Felix the fox isn’t caught up in thoughts about how his life should be. There are no contradictions for him to navigate, no resentment, no inner turmoil. Felix is free to be exactly who God created him to be. He hasn’t been wracked with worry about where his next meal will come from or what he’ll do about that persistent itch. It would seem that Felix has taken the words of Jesus to heart, “Therefore, I say to you, do not worry about your life, what you will eat or what you will drink; nor about your body, what you will put on. Is not life more than food and the body more than clothing?” (Matthew 6:25). It’s so simple that a wild fox gets it. Even the birds and lilies resonate this resounding truth; “they neither sow nor reap”, “they neither spin nor toil”. And yet life has graciously bestowed upon Felix safe shelter, abundant food and remedy for what ails him. Through uncertainty comes contentment like the shimmering light of a midnight star piercing the dark. I appreciate the wisdom of a sly fox that invites me to be who God created me to be. Engaging with all of creation as it is, both magic and tragic, without the tension and antagonism of my own self-sabotaging opinions and desires is what sets me free. To cease worrying and to trust. To simply be.
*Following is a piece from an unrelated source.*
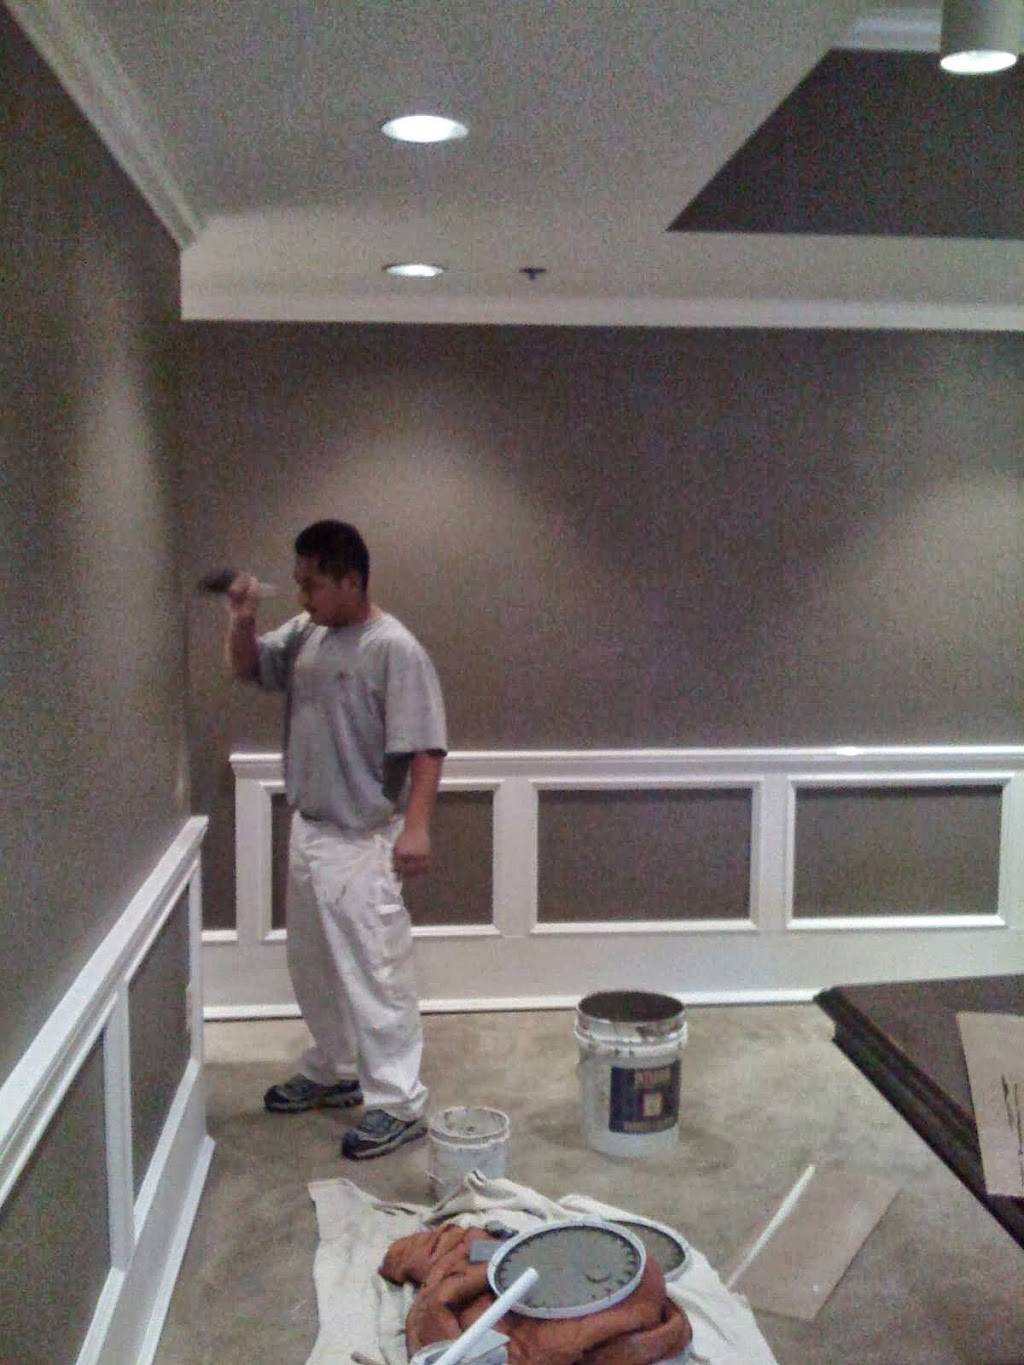 C Fisher Painting & Home Repair | 6196 Frances Wood Dr, Bartlett, TN 38135, USA | Phone: (901) 335-9163

I scrape the contents of a 13 oz can of dog food into Felix’s bowl and tap the spoon against the rim to alert him that dinner is served. I whisper, “shalom” as I turn and walk back toward the house. Is it weird to pray for a fox? You might think so. I really hadn’t given it much thought until I typed these words. But if I’m honest, I find it much easier to breathe out prayer for a fox than for many people I know. And I know that God blesses foxes as I’ve been fortunate enough to experience it firsthand.
May the Lord bless and keep you, Felix.